Ответ двусмысленный, поскольку он отрицает и в то же время подтверждает царственное положение. Древние толкователи, начиная с Аврелия Августина и Иоанна Златоуста и заканчивая Фомой Аквинским, сходятся во мнениях по этому вопросу. Как утверждает Августин, Иисус сказал вместо «не в мире сём (поп est in hoc mundo)» «не из мира сего (de hoc mundo)»; а Златоуст поясняет: «’’Царство моё не из мира сего” означает, что зиждется оно не на мирских делах и выборе людей, но что оно происходит извне, то есть от Господа Бога». Фома же добавляет: «Говоря, что Его царство не здесь, Он имеет в виду, что начало его не в этом мире, и всё же оно здесь, ибо оно повсюду (est tamen hic, quia ubique est)».
Следовательно, Пилат не ошибается, повторяя: «Итак, Ты Царь (оикоип basileus ei sу)?»[36]. Ответ Иисуса внезапно переносит тему разговора от Царства к истине:
Ты говоришь, что Я Царь (sy legeis oti basileys eimi ego). Я на то родился и на то пришел в мир, чтобы свидетельствовать о истине (ina martyr eso tei aletheiai); всякий, кто от истины (ek tes aletheias), слушает гласа Моего[37].
И здесь Пилат произносит то, что Ницше назовёт «тончайшим высказыванием всех времён (die grosste Urbanitat aller Zeiteri)»: «Что есть истина (fi es fin aletheia)?».
В действительности вопрос Пилата, в котором принято видеть ироничное проявление скепсиса (именно с этой точки зрения Шпенглер противопоставлял факты — Tatsachen, поборником которых был Пилат, истине, посланником которой был Иисус) и даже издёвку («аристократическая насмешка», с которой, как пишет Ницше, «римлянин» уничтожил бы Новый завет — Антихристианин глава 46)[38], вовсе не обязательно таковым является. Более того, этот вопрос едва ли выделяется как «чужеродное тело» (Demandt, р. 86) в своём контексте, который — важно об этом не забывать — представляет собой контекст судебного процесса. Как предполагает Фома в своём комментарии, Пилат, поняв, что Царство Иисуса не связано с этим миром, хочет услышать истину и пытается узнать всё о царстве, о котором свидетельствует обвиняемый (cupit ventatem scire ас effici de regno eius): его вопрос — не об истине в целом (поп quaerens quid sit definitio ventatis), а о той конкретной истине, которую Иисус, кажется, имеет в виду, но суть которой префект не может уловить. Здесь сталкиваются не истина со скепсисом и вера с неверием, а две различные истины или же два различных представления об истине. В Евангелии от Никодима допрос продолжается, и Иисус отвечает: «Истина от небес»[39]. И лишь на новом вопросе Пилата («Значит, нет истины на земле?») и на ответе Иисуса («Взгляни, как Тот, Кто говорит истину, судит теми, кто имеет власть на земле») дознание завершается (Moraldi, р. 572). Решение земного суда не согласуется со свидетельствами об истине.

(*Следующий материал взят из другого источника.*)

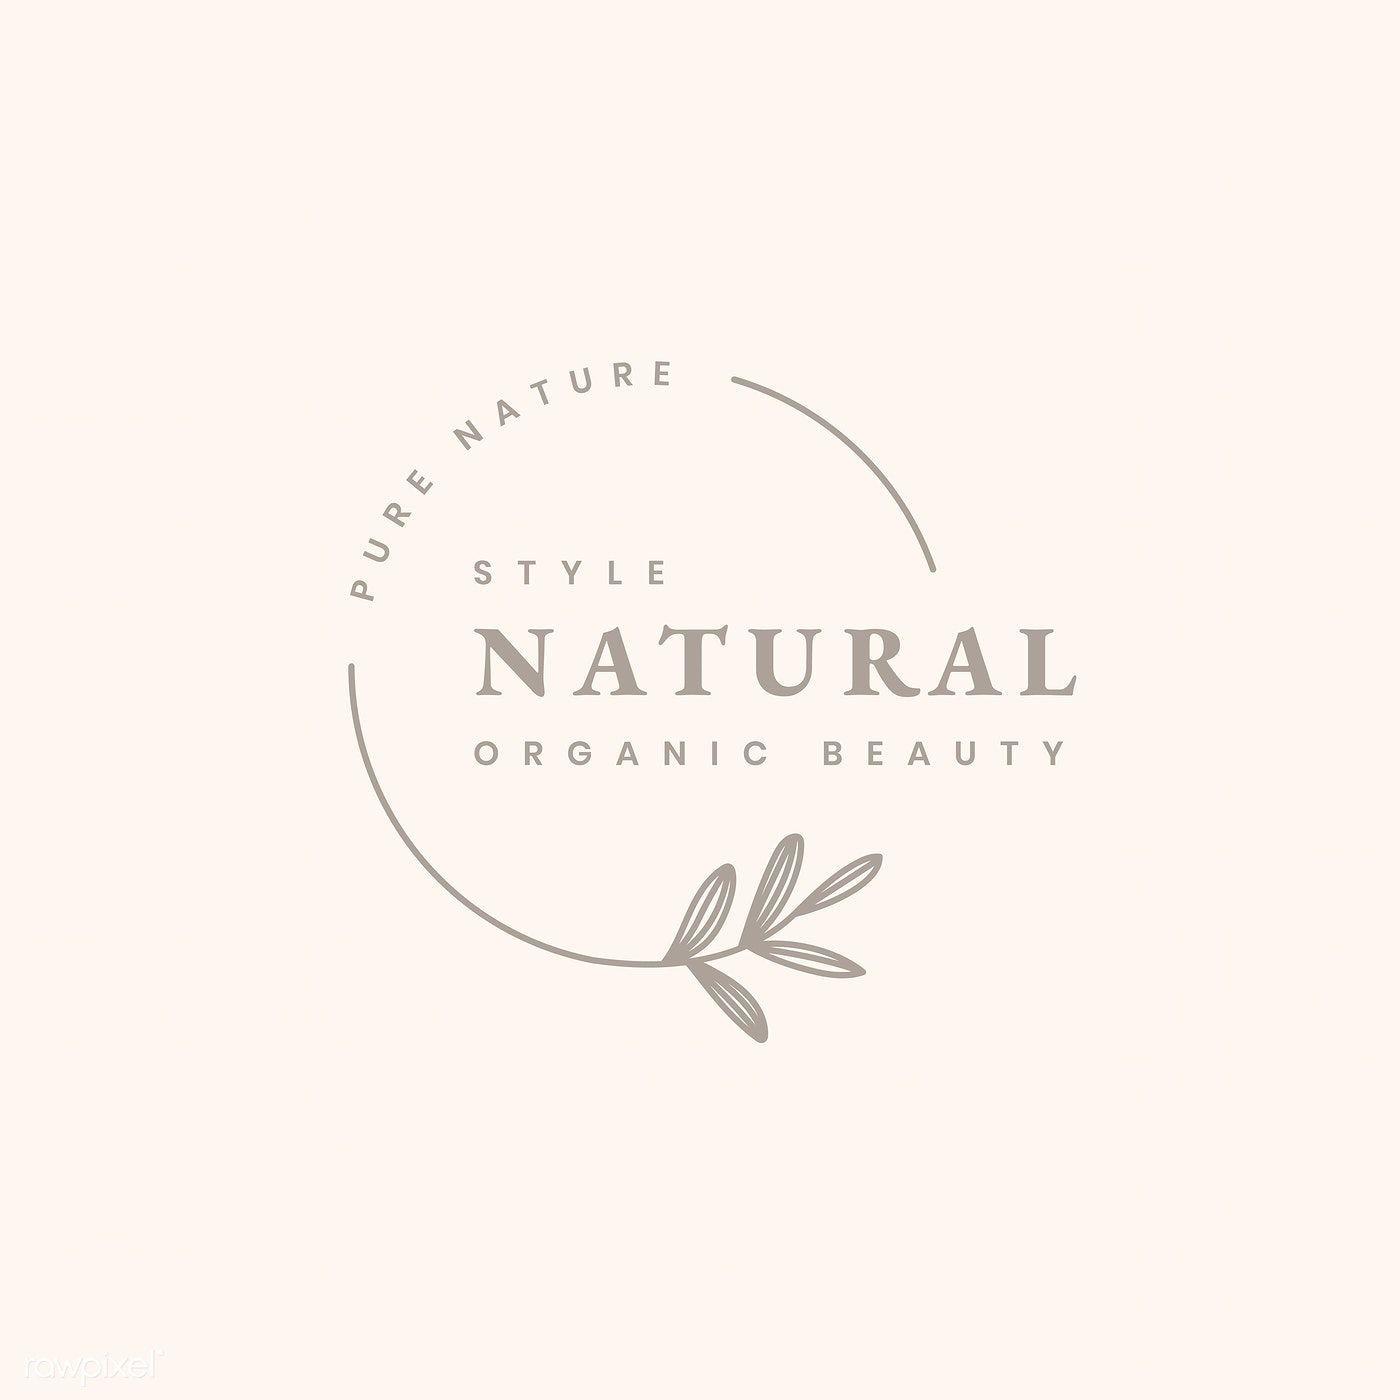 Download free illustration of Organic beauty product logo design vector - Download free illustration of Organic beauty product logo design vector -   13 beauty Logo design ideas
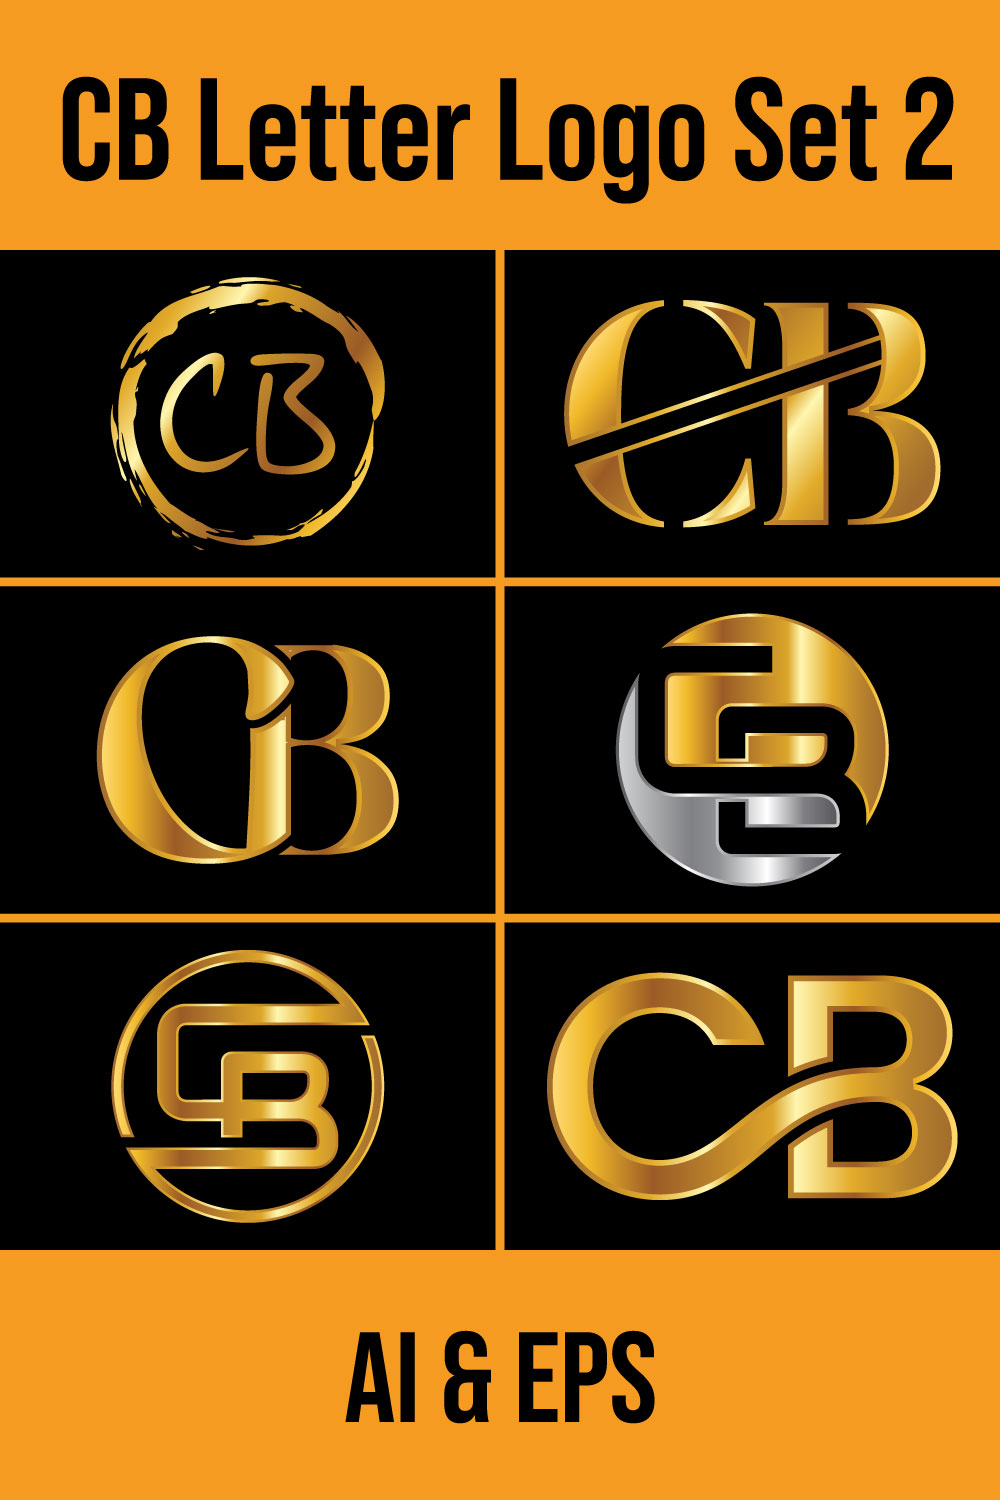 Modern B Letter Logo Concept. by Nayan Tamli on Dribbble

с) (снаружи) В это мгновение Пилат вновь выходит (palin exelthe) из претории. Часто подчёркивается тот факт, что он специально не стал ждать ответа Иисуса (Бэкон написал с иронией: «What is truth?, said jesting Pilatus and would not stay for an answer»[40]; но ещё Фома Аквинский заметил, что он responsionem non expectavit[41]). Причину его неожиданного решения можно понять по восклицанию, обращённому к иудеям: «Я никакой вины не нахожу в Нем. Есть же у вас обычай, чтобы я одного отпускал вам на Пасху; хотите ли, отпущу вам Царя Иудейского?»[42]. Не считая подсудимого виновным, Пилат должен был либо объявить о невиновности (в римском праве для этого предусматривалась формулировка absolvo[43] или videtur поп fecisse[44]), либо приостановить судебное разбирательство и потребовать провести дополнительное дознание (стандартная формулировка в данном случае звучала как non liquef[45] или amplius est cognoscendum[46]). Однако он хочет разрешить дело, воспользовавшись пасхальной амнистией. В течение всего судебного процесса — над этим фактом стоит задуматься — Пилат постоянно пытается уйти от вынесения приговора. Даже в конце, когда префект уступает бурным и настойчивым требованиям иудеев, он, как мы увидим, судебного решения не выносит: он ограничивается тем, что «предает»[47] (paredoken) обвиняемого евреям.